When loaded into memory, Arrow has defined a canonical extension type to support Parquet's variant type. Its stored as a struct array, which contains a mandatory metadata binary child, an optional binary value child, and an optional typed_value which can be a "variant primitive", list or struct, allowing for nested shredding.

Clickhouse

As described in this fantastic blogpost, Clickhouse offers multiple features that build on top of each other to support similar data:

Variant - Allows for arbitrary nesting of types. Variant can contain integers, strings and arrays of integers, strings or another variant type (note the lack of the "object" variant). Each leaf (col_x.str vs col_x.int32) column is stored separately with some additional metadata which points to which one is used by each row. Types have to be declared in advance.
Dynamic - Like variant, but types don't have to be declared in advance. Shreds a limited number of columns
JSON - Builds on top of Dynamic, with a few specialized features - allowing users to specify known "typed paths", how many dynamic paths and types to support for untyped paths, and some JSON-specific configuration allowing skipping specific JSON paths on insert. The full blogpost is worth reading, but Clickhouse's on-disk model roughly mirrors the arrow in-memory format, and they store some metadata outside of the array.

Others

Iceberg seems to support the variant type (as described in this proposal), but the docs are minimal.
Datafusion's variant support is being developed here, its unclear to me how much effort is going into it and whether its going to be merged upstream.
DuckDB doesn't support a variant type. It does have a Union type, but its basically a struct.
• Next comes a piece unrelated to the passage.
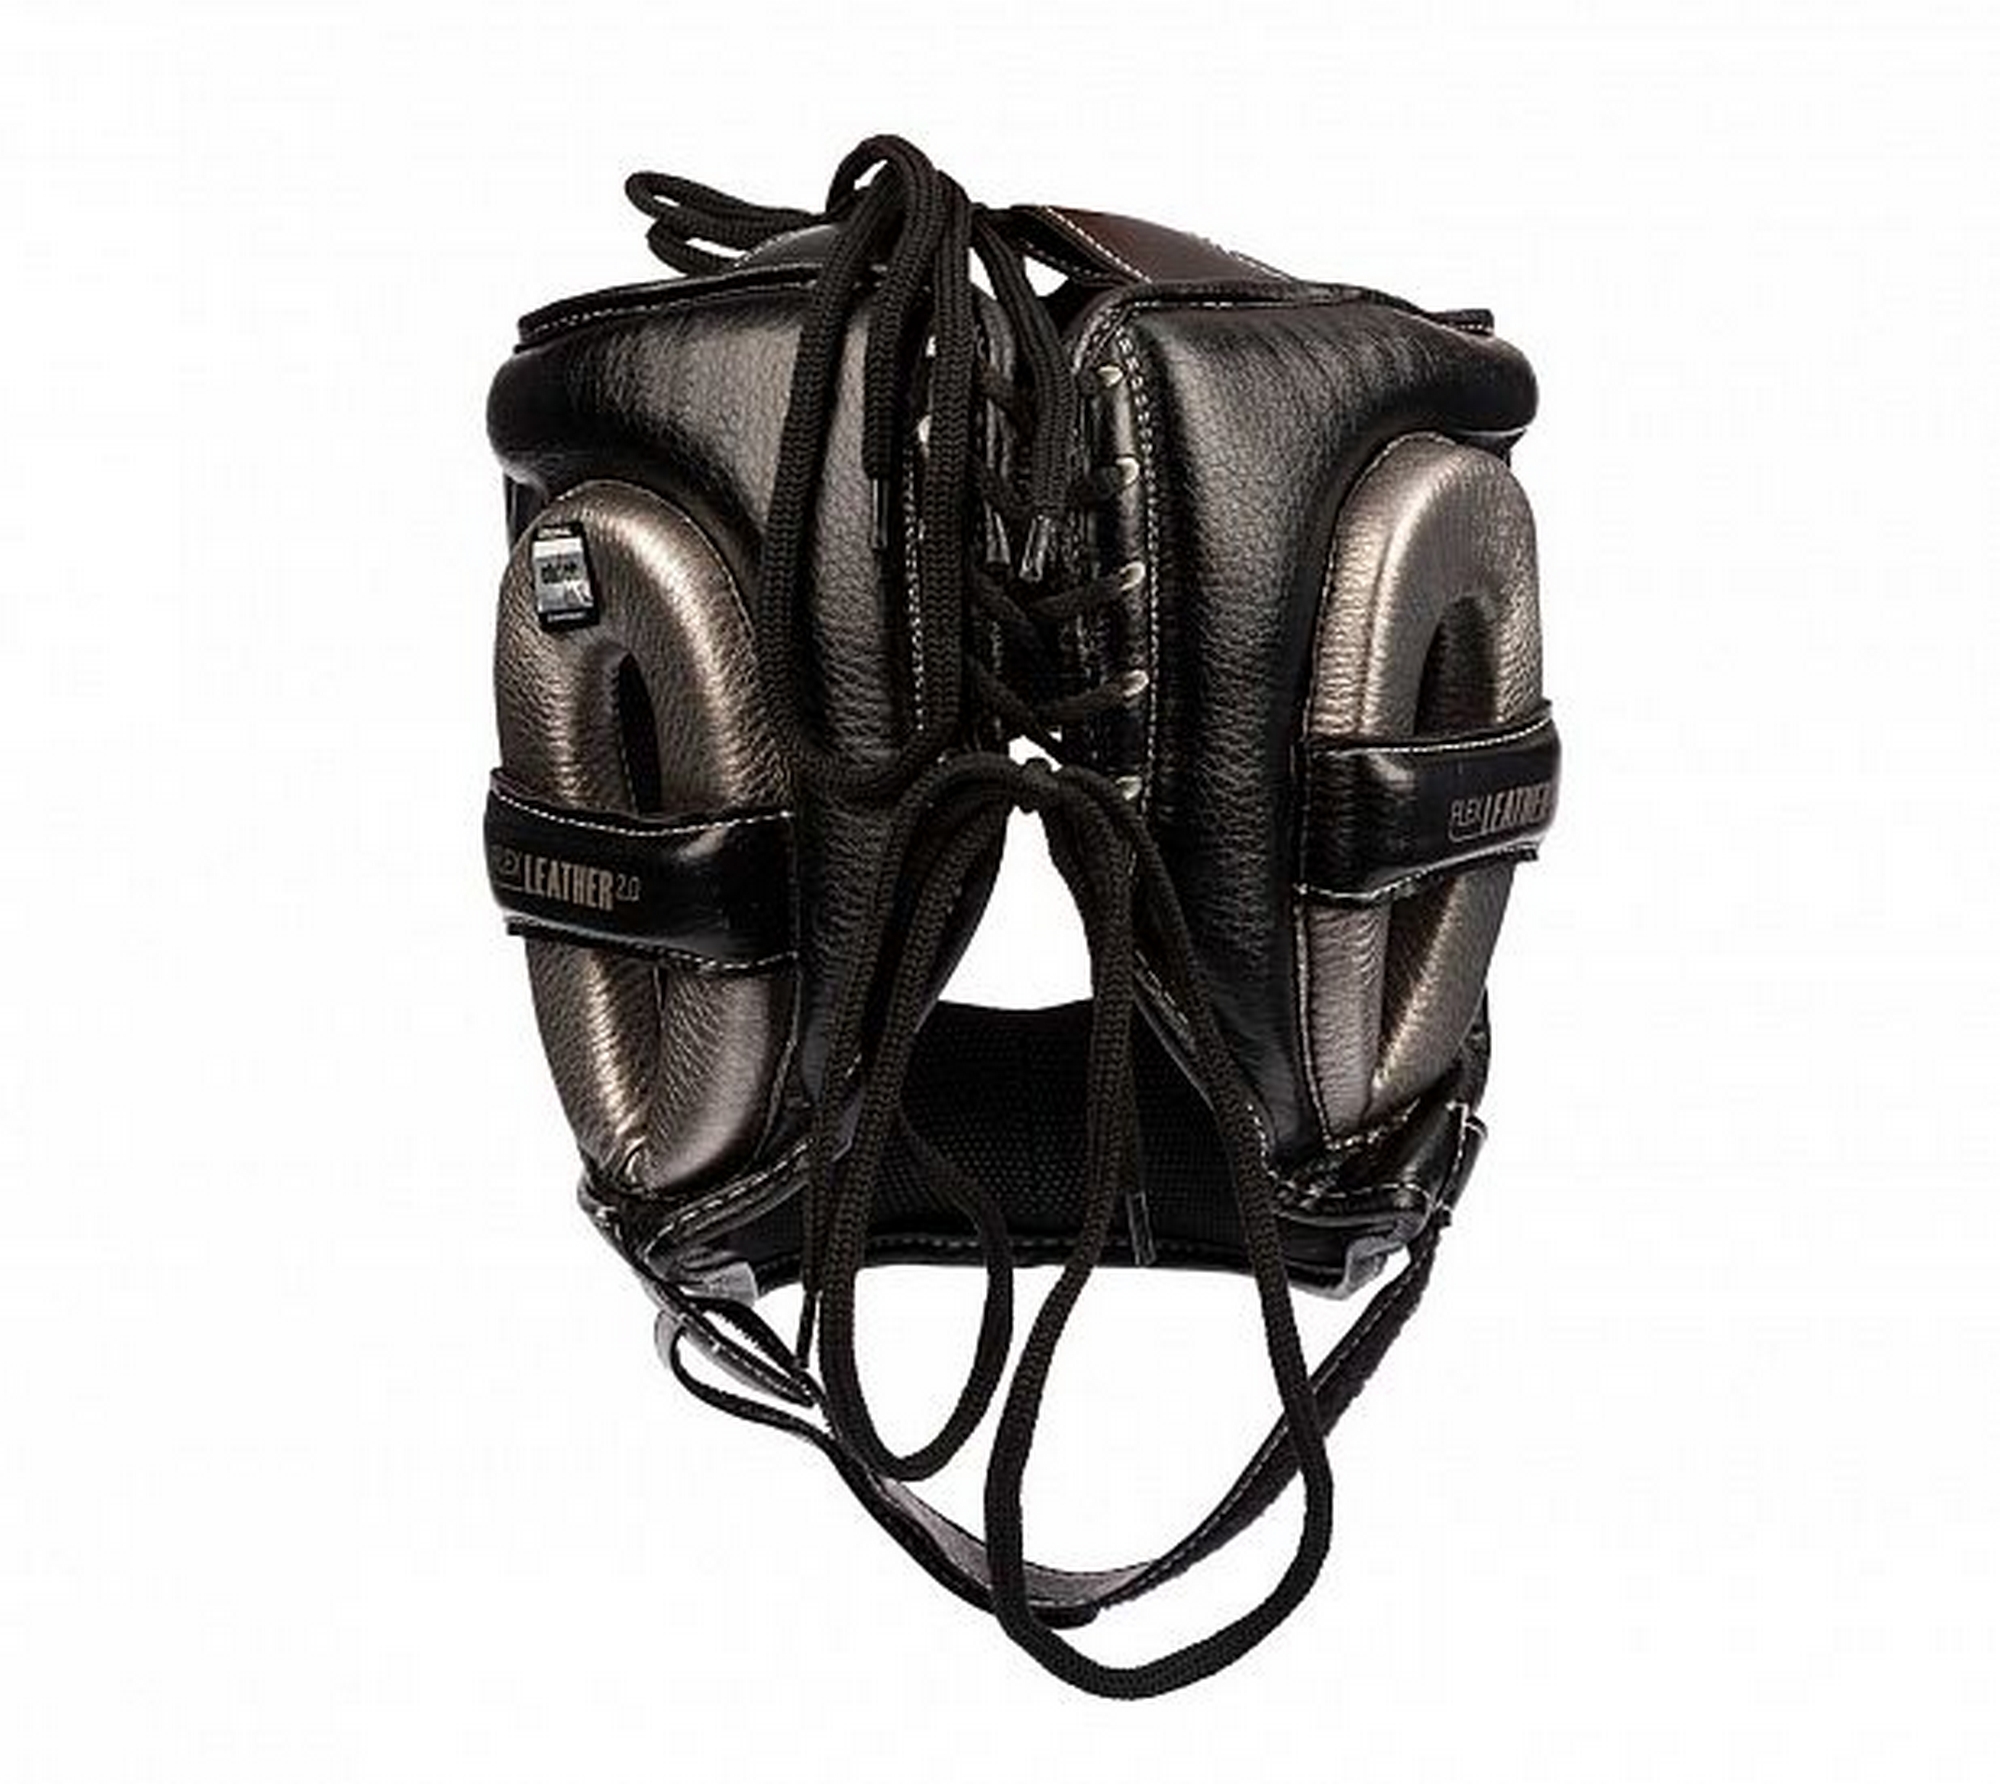 Шлем для единоборств с бампером Clinch Face Guard C149 черно-бронзовый 2000_1784

It also seems to have support for Parquet's shredding, but I can't find any docs and seems like PRs are being merged as I'm looking through their issues.
Databricks supports some specialized variant functions, and their docs show a good example of null vs variant null.

Unresolved Questions

Do we want a JSON extension type that automatically compresses as variant?
~~How do variant expressions operate over different variant encodings?~~ Resolved this, just had to talk the new execution model with @joseph-isaacs.

Future Possibilities

In the future, we could add a Vortex-native encoding, but at this point in time it seems like 3rd-party integration is a more useful target.

As mentioned above, I believe starting with a simple shredding policy in the compressor is the best way forward, but exploring things like JSON Tiles could prove to be useful.

Integration with query engines will be an ongoing effort, depending on what features they support and how expressive they are.